# Complete desktop synchronisation with Unison and FreeBSD jails (xjails)



## kbs1 (Jul 8, 2016)

I am running multiple computers in multiple locations. I always hated syncing them up (syncing my mysql dbs, installed programs and their versions, their configurations), so I shifted to FreeBSD around a year ago. I found jails very useful and was looking for a way to run Xorg in them.

This isn't currently possible without a kernel hack, based on kernel patches found in mailing lists. I just adapted them to latest kernels.

The script here: https://kbs-development.com/download/xjail_install.sh will prepare your vanilla installation for XJAILS, it will configure your system, recompile the kernel, install the base jail (using ezjail), will ask you about xorg conf, simply everyting you need to get up and running.

The script then gives you a choice to either create a new default lxde desktop xjail or sync from existing unison server.

You have the possibility to create multiple xjails, for example one for programming, watching movies etc.

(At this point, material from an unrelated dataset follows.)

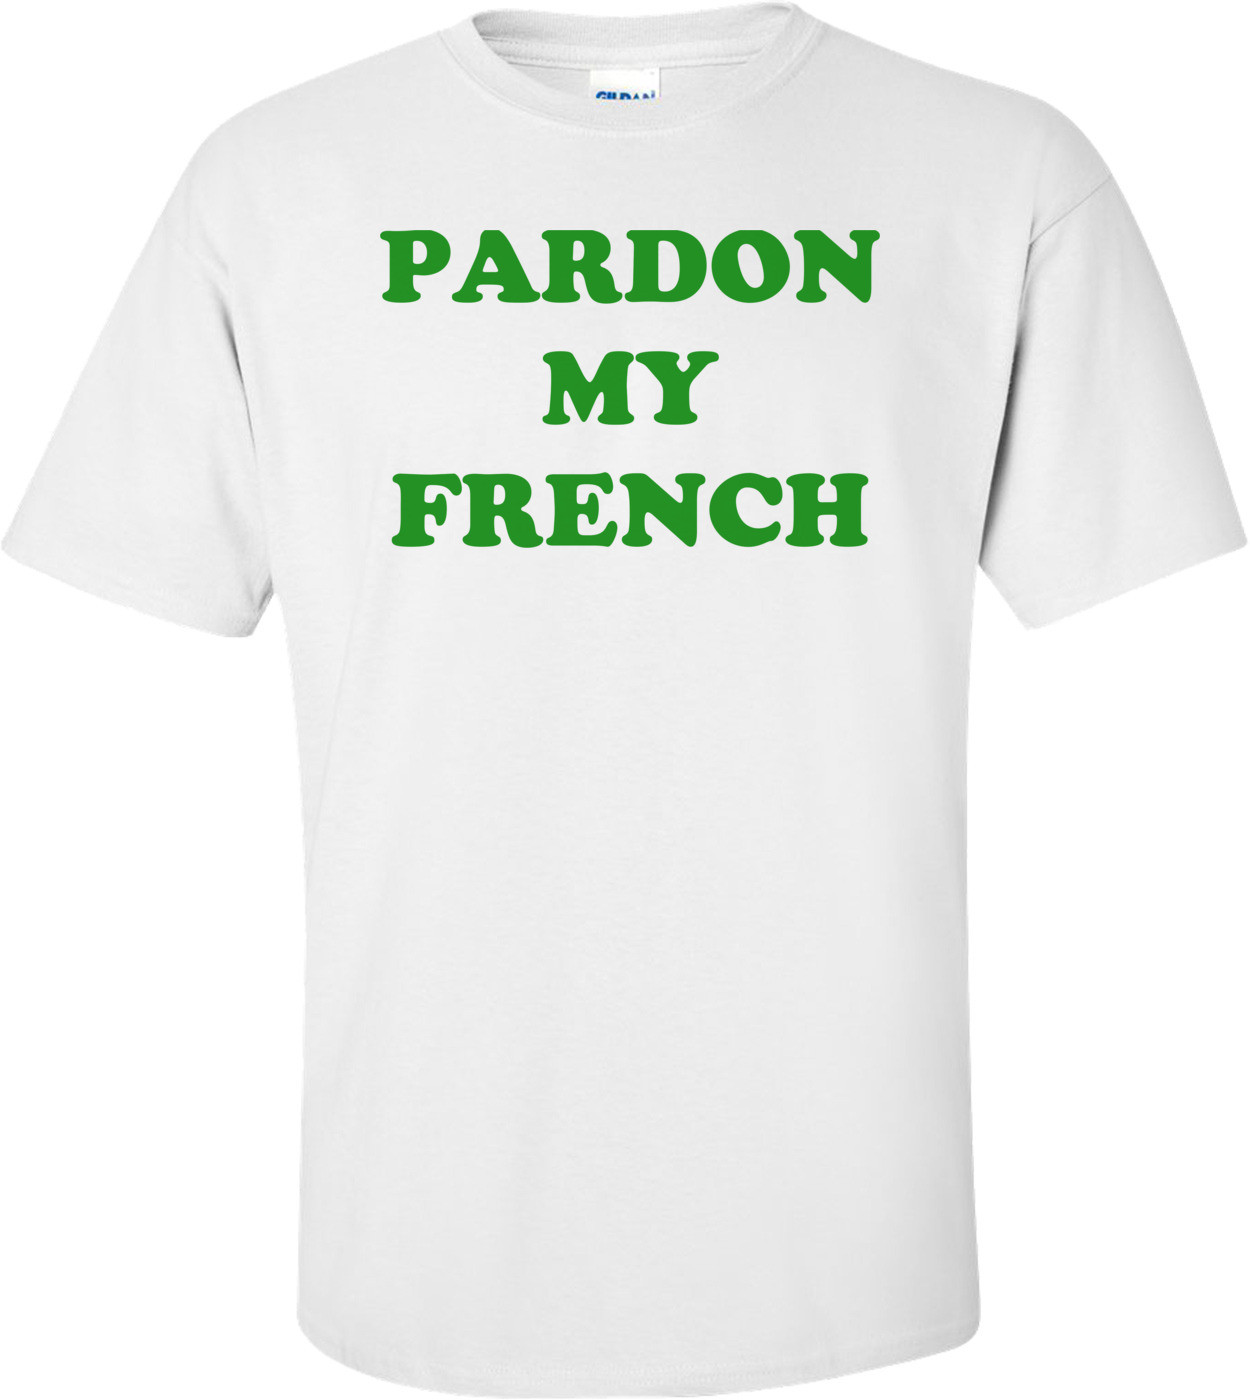 PARDON MY FRENCH Shirt
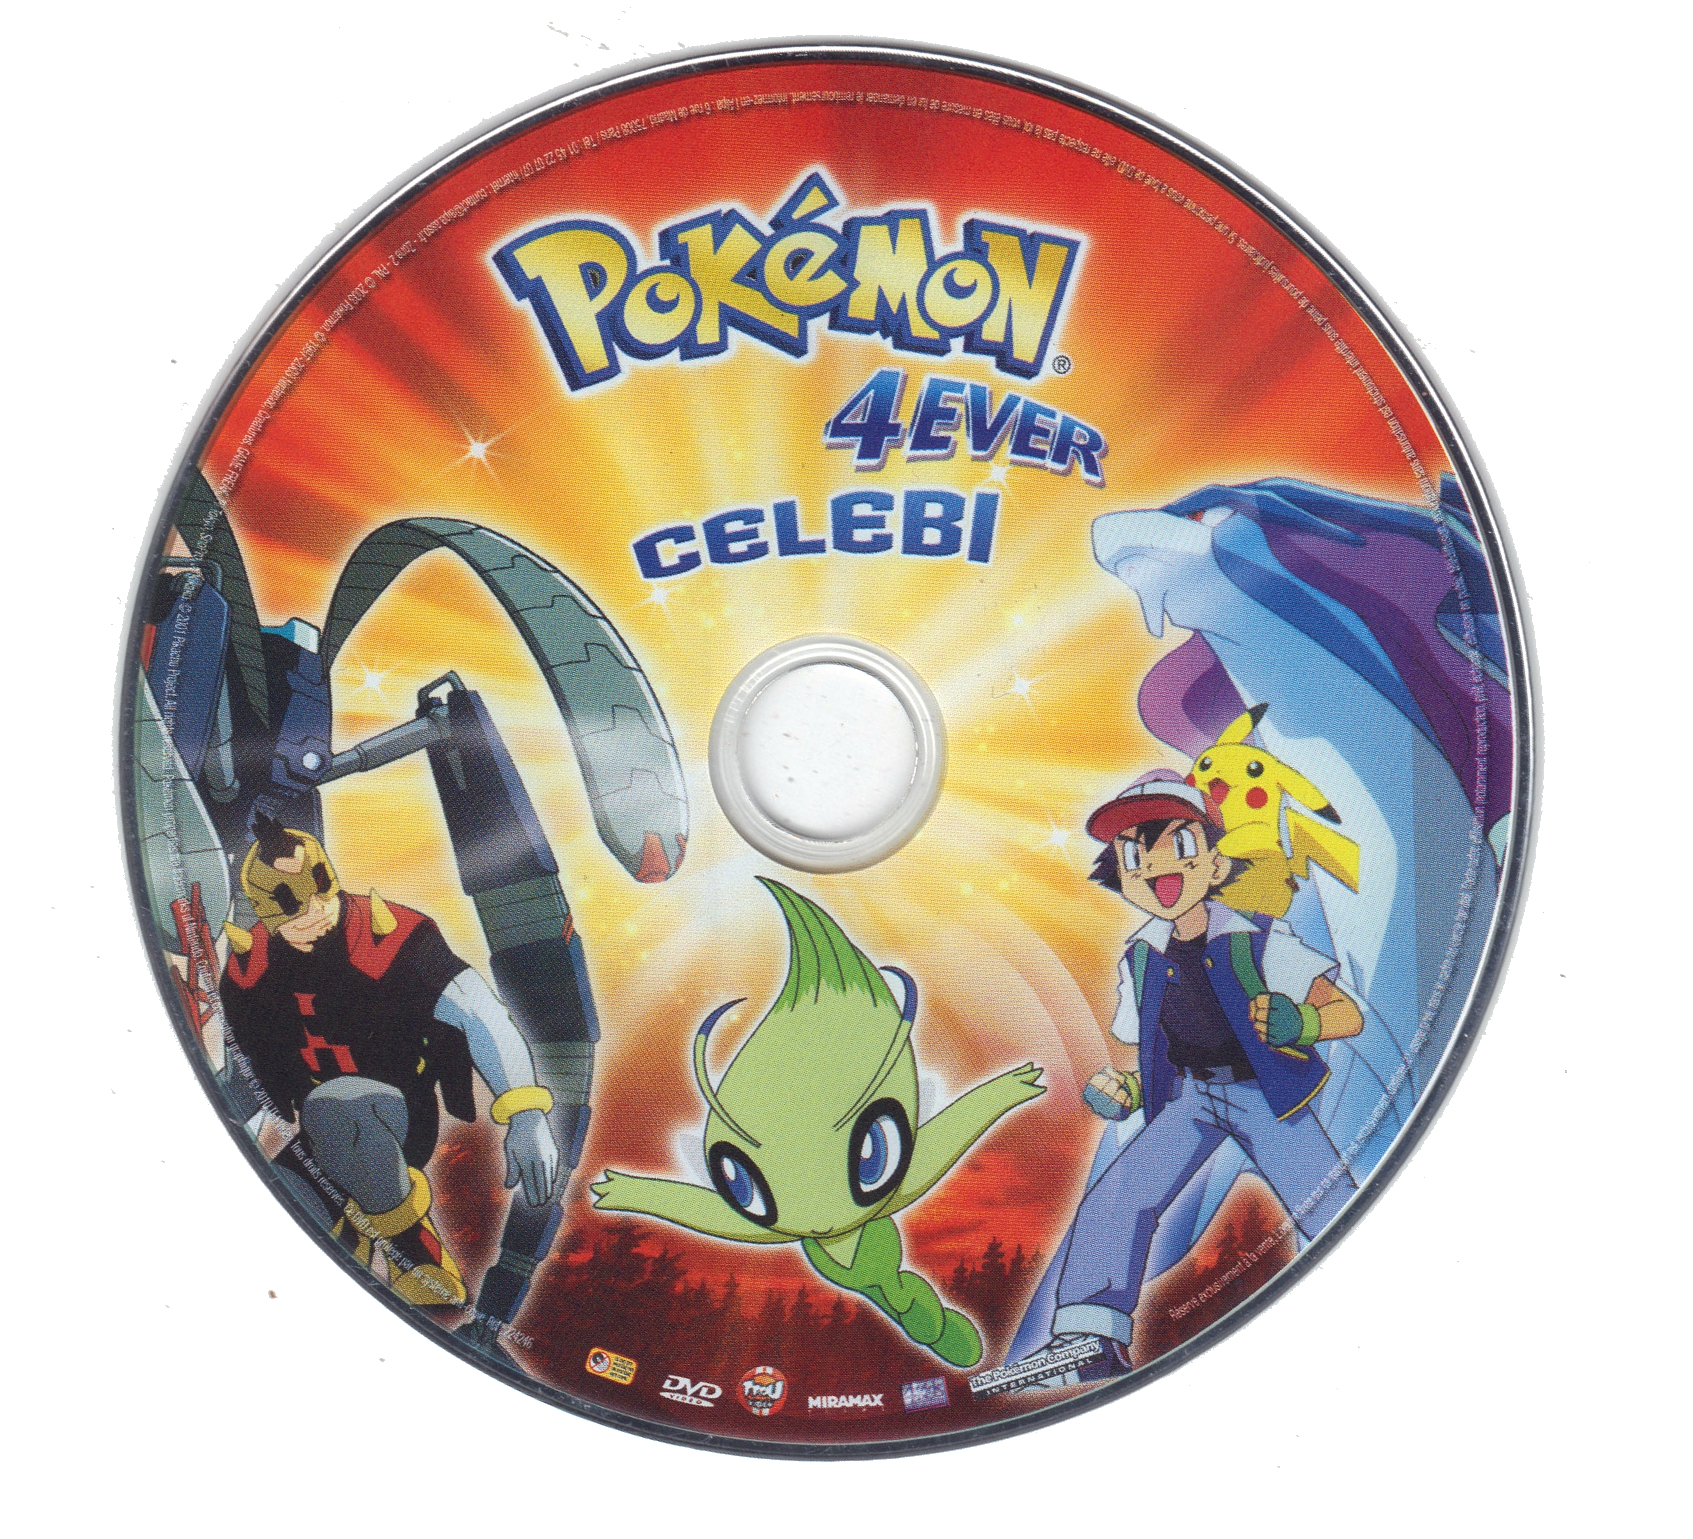 Pokemon 4ever - Celebi

Second important script is https://kbs-development.com/download/xjail_update.sh. You choose one machine that you will do the update on. You will update the host and the basejail, based on script's instructions. You will then sync the changes to the rest of the machines (and only update host kernel on them).

Having this approach is highly benefical in terms that the only thing that must match between the synced computers is that they are able to execute the same instruction set (amd64 etc). All other hardware-specific drivers (video card, sound, chipset, storage....) are simply abstracted to the jail and the system is therefore transferable and functional.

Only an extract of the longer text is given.